▶ **Data block**
•••
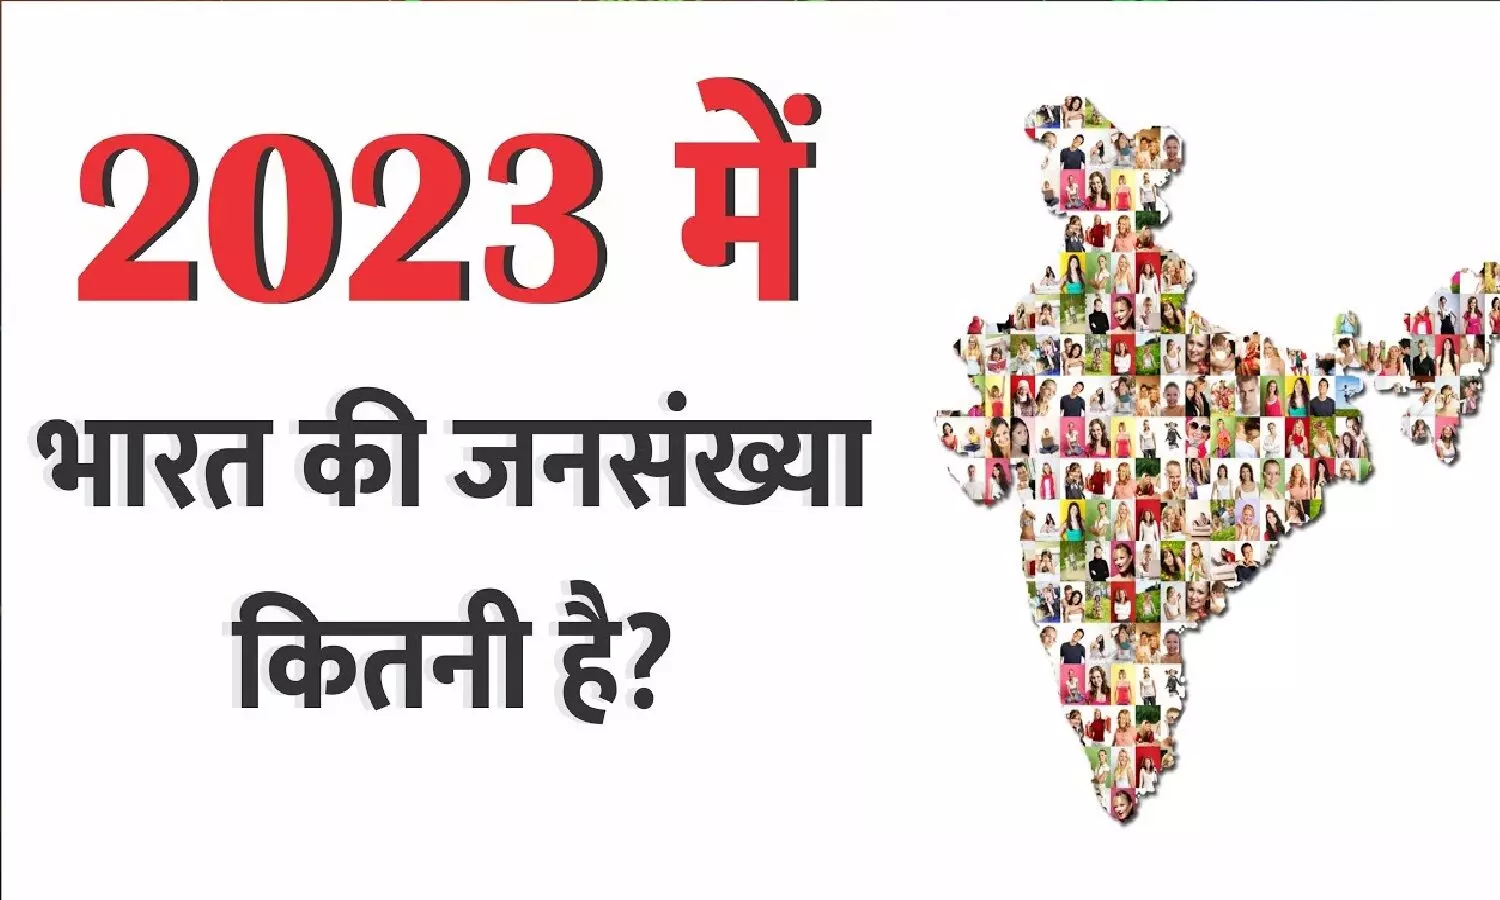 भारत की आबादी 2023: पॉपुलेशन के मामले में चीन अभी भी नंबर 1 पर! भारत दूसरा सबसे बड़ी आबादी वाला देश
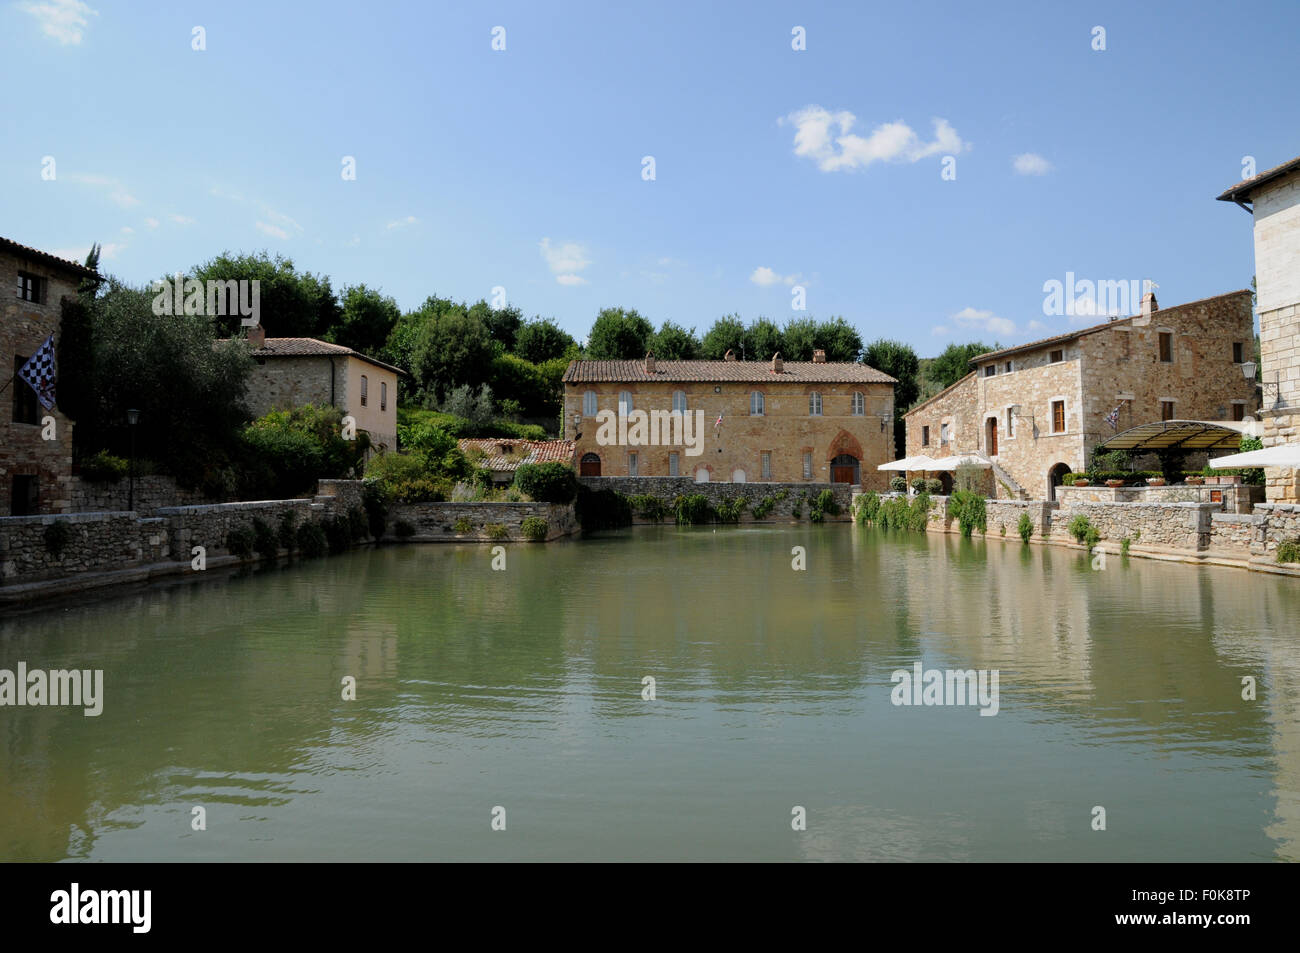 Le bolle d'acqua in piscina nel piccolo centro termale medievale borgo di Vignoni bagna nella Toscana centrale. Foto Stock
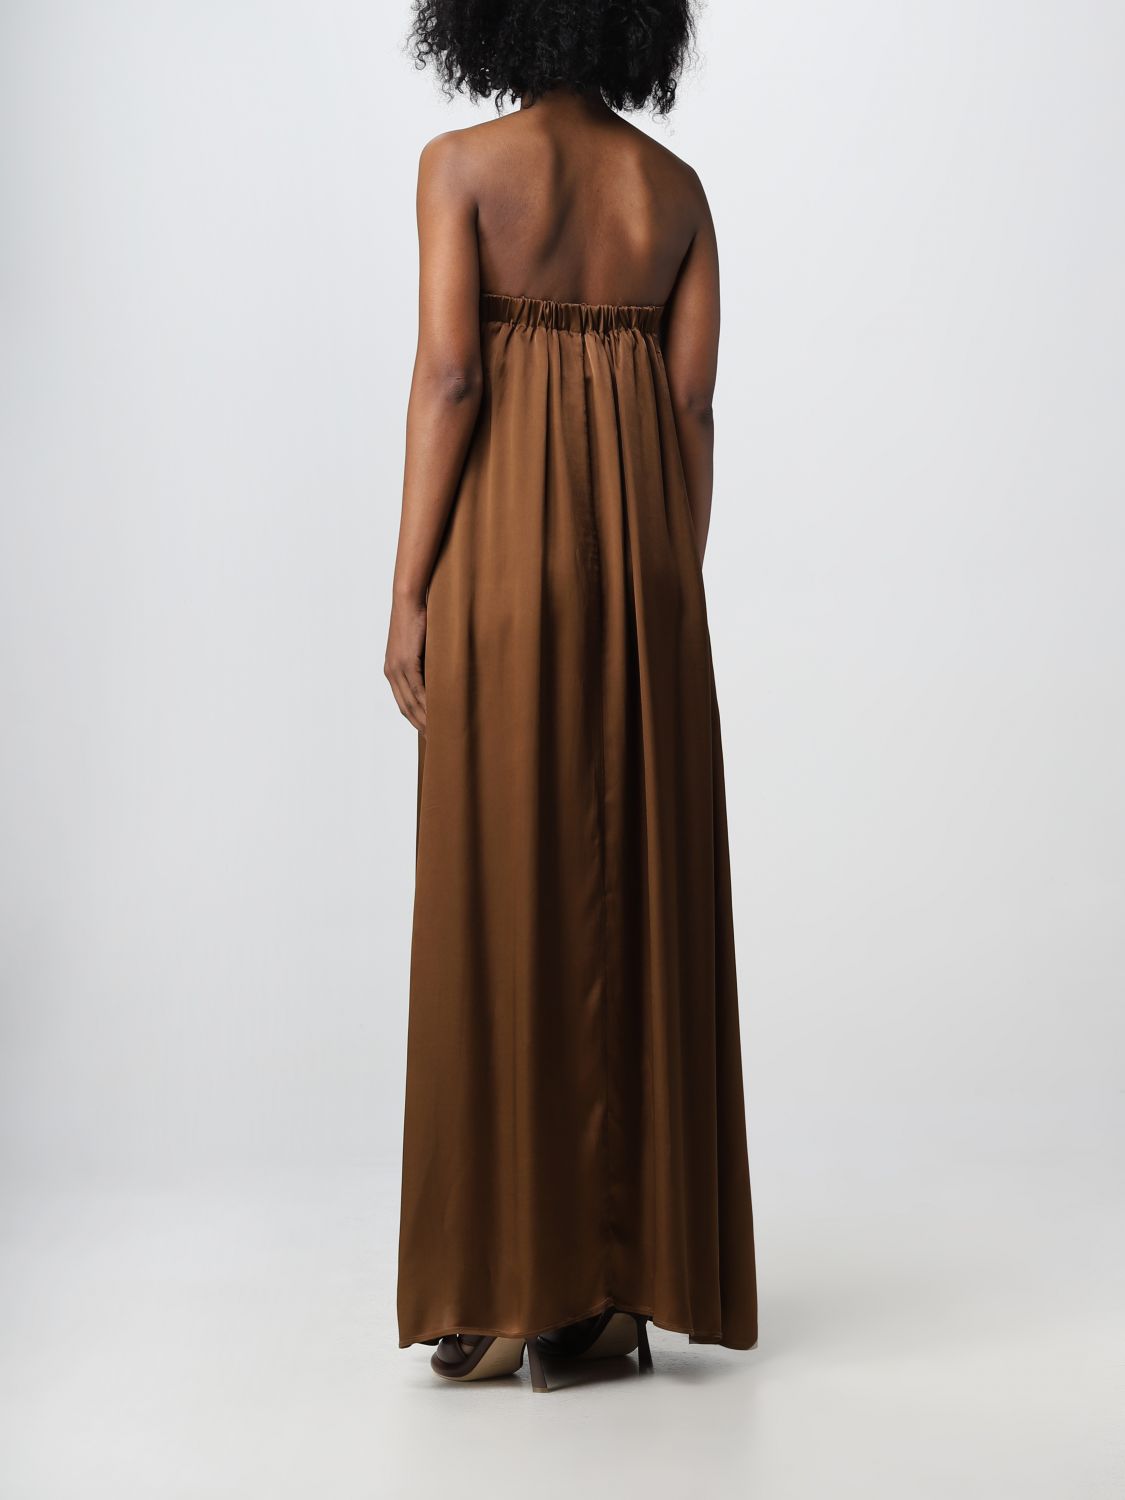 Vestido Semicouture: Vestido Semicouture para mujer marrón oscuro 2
•••
Reproduce, word for word, everything in the listing above except the pictures.

 भारत की आबादी 2023: पॉपुलेशन के मामले में चीन अभी भी नंबर 1 पर! भारत दूसरा सबसे बड़ी आबादी वाला देश
 Le bolle d'acqua in piscina nel piccolo centro termale medievale borgo di Vignoni bagna nella Toscana centrale. Foto Stock
 Vestido Semicouture: Vestido Semicouture para mujer marrón oscuro 2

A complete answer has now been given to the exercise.